- **Task details**:
Each line from the one containing "پوستر کاغذ دیواری" through the last line of the data below is to be written out verbatim, and nothing more.

------ Records for this exercise

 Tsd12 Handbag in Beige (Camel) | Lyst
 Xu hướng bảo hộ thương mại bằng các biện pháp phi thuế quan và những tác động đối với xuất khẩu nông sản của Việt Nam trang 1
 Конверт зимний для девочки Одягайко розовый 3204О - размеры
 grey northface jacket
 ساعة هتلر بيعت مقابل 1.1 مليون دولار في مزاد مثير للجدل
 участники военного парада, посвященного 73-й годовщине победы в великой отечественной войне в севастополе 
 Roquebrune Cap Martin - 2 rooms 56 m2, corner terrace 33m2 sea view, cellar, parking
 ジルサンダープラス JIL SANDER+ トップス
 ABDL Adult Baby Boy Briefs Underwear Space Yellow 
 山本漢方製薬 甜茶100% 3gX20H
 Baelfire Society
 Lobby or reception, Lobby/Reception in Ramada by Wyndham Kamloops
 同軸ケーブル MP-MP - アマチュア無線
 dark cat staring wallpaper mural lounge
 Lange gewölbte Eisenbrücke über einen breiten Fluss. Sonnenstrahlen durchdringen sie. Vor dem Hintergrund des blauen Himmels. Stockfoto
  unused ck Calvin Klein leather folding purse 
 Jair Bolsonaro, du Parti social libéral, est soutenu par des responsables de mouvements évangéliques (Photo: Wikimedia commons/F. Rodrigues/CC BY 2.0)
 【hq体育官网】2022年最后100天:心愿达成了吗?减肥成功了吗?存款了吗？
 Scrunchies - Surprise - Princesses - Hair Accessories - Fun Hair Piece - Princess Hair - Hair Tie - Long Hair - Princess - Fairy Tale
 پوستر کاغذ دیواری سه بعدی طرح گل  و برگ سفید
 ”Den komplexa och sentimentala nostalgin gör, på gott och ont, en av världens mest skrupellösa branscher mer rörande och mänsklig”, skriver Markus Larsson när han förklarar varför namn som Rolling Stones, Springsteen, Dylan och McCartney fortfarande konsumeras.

------------

- **Exercise result**:
 پوستر کاغذ دیواری سه بعدی طرح گل  و برگ سفید
 ”Den komplexa och sentimentala nostalgin gör, på gott och ont, en av världens mest skrupellösa branscher mer rörande och mänsklig”, skriver Markus Larsson när han förklarar varför namn som Rolling Stones, Springsteen, Dylan och McCartney fortfarande konsumeras.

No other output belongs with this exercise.